- Born: August 29, 1962 (age 63) Long Island, New York, U.S.
- Convictions: Second degree murder (2 counts) Second degree manslaughter Criminally negligent homicide Assault (6 counts)
- Criminal penalty: Life imprisonment (minimum term of 50 years)

Details
- Victims: 4 deaths, 1 attempt, 30+ suspected
- Span of crimes: April – October 1987
- Country: United States
- State: New York
- Date apprehended: November 15, 1987

= Richard Angelo =

American serial killer

Richard Angelo (born August 29, 1962) is an American serial killer and former nurse who operated within Long Island and West Islip, New York. In 1989, he was convicted of murdering several of his patients and sentenced to 50-years-to-life in prison.

==Early life==
Angelo was born on August 29, 1962, to parents who were both working in education. His mother was an economics teacher, and his father was a high school guidance counselor for the Lindenhurst school district on Long Island. He graduated from St. John the Baptist Diocesan High School in 1980 and then entered a two-year nursing program at Farmingdale State College, where he was a well-regarded honor student.

==Arrest==

Angelo first came to the attention of the public in October 1987 when he was suspected of poisoning a patient at then Good Samaritan Medical Center. He was accused of injecting Gerolamo Kuchich with pancuronium, a muscle relaxant, via his I.V. The patient felt unwell after the injection, and later paged a nurse to help him. Angelo was arrested for assault on the 73-year-old patient because he was the only person to match the description given to the police.

Following his arrest, Angelo confessed to having poisoned other patients with pancuronium and Suxamethonium chloride, both of which are paralytic agents used in anesthesia. As a result, as many as 30 recently deceased patients were exhumed and examined for traces of these powerful paralyzing agents.

In all, Angelo was suspected of poisoning at least 35 people at the hospital while working there for seven months, though the medical examiner was unable to conclusively attribute the deaths to the injections. He claimed that his motive was to portray himself as a hero. After poisoning his victims, he would wait until they went into cardiac arrest and then come by and save them in front of his colleagues. He was held in Suffolk County Jail for more than a year, awaiting trial. He declined to pay his $50,000 bail, fearing for his safety given the high-profile nature of the case.

== Victims ==

A total of 32 bodies were exhumed in order to collect tissue samples. The presence of Pavulon was detected in the following seven victims:

- John Stanley Fisher, 75, of Amityville, died on September 8, 1987.
- Milton Poultney, 75, of Lindenhurst, died on September 16, 1987.
- Joseph Francis O'Neill, 79, of West Islip, died on September 21, 1987.
- Frederick LaGois, 65, of Babylon, died on October 9, 1987.
- Joan Hayes, 53, died on October 5, 1987.
- Gerolamo Kuchich, 73, from Yugoslavia and visiting Dix Hills, was injected with a non-fatal dose of Pavulon on October 11, 1987.
- Anthony Greene, 57, of North Babylon, died on October 16, 1987.

==Trial and conviction==

During the eight-week trial, 32 witnesses testified and more than 100 exhibits were entered into evidence.

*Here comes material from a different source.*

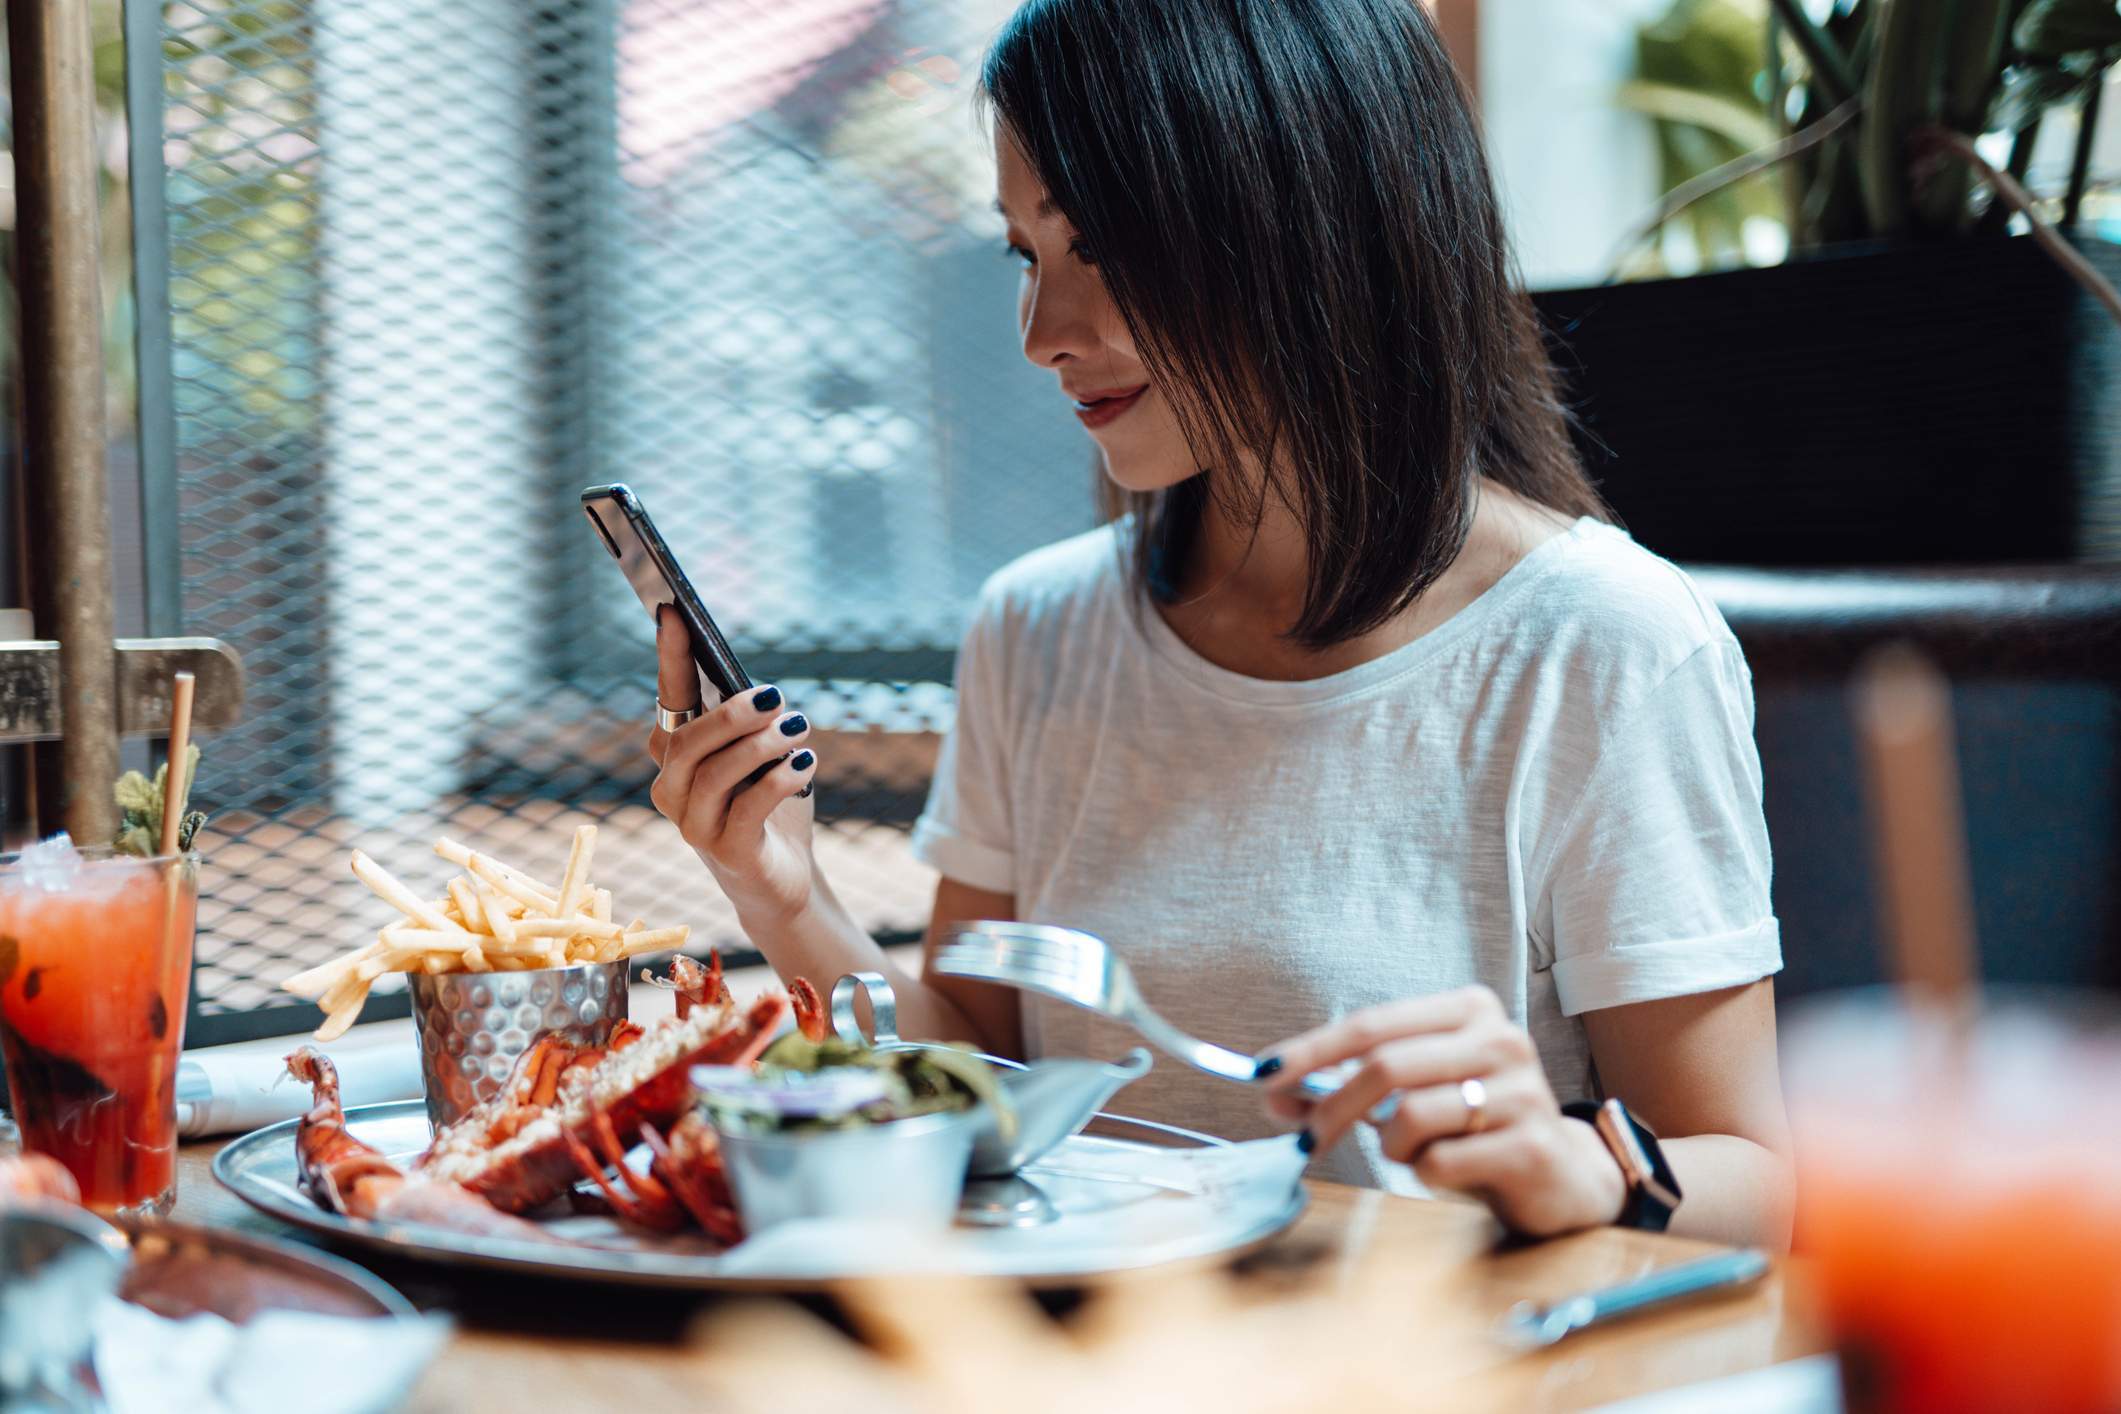 A restaurant customer is enjoying her meal while looking at her mobile phone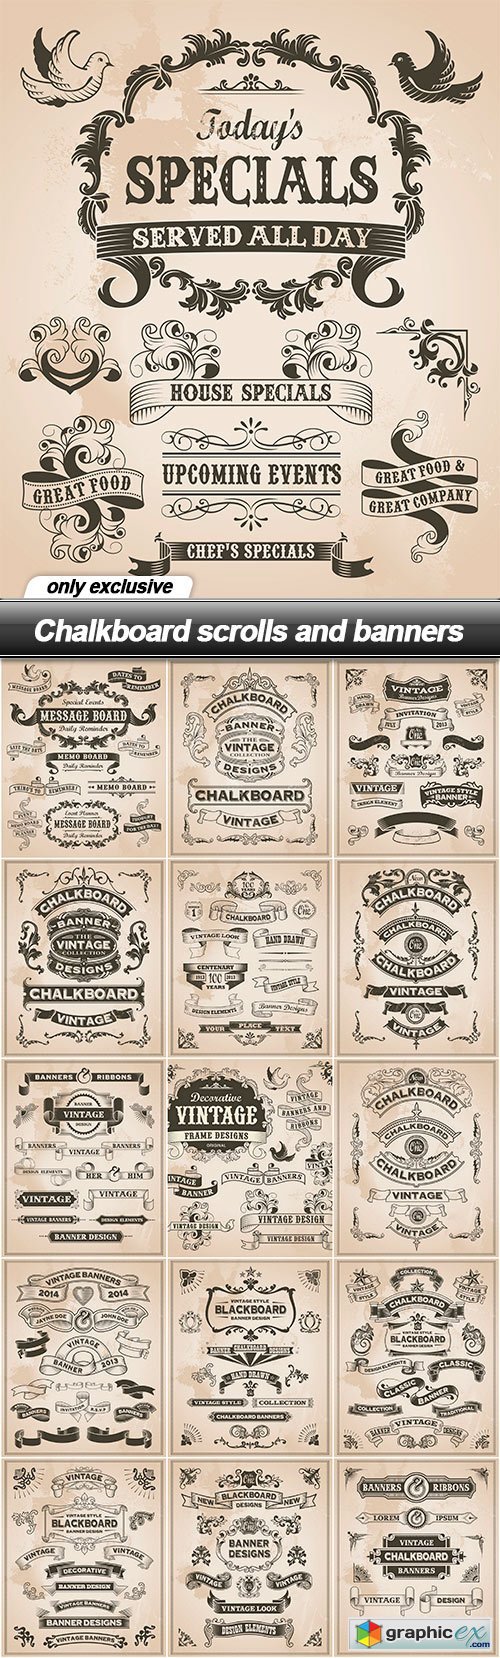 Chalkboard scrolls and banners - 16 EPS

On December 14, 1989, Angelo was found guilty of two counts of second-degree murder: Poultney, Greene; one count of second-degree manslaughter: Fisher; one count of criminally negligent homicide: LaGois; two counts of first-degree assault: Kuchich; three counts of second-degree assault: Fisher, Greene, Poultney. Not guilty verdicts were returned for O'Neill and Hayes, despite having Pavulon in their systems. On January 24, 1990, a Suffolk County judge sentenced him to 61 ⅓-years-to-life. However, the maximum possible term, per state law, was 50-years-to-life.

He is serving a life sentence at Sing Sing Correctional Facility and will become eligible for parole in 2049, when he is 87.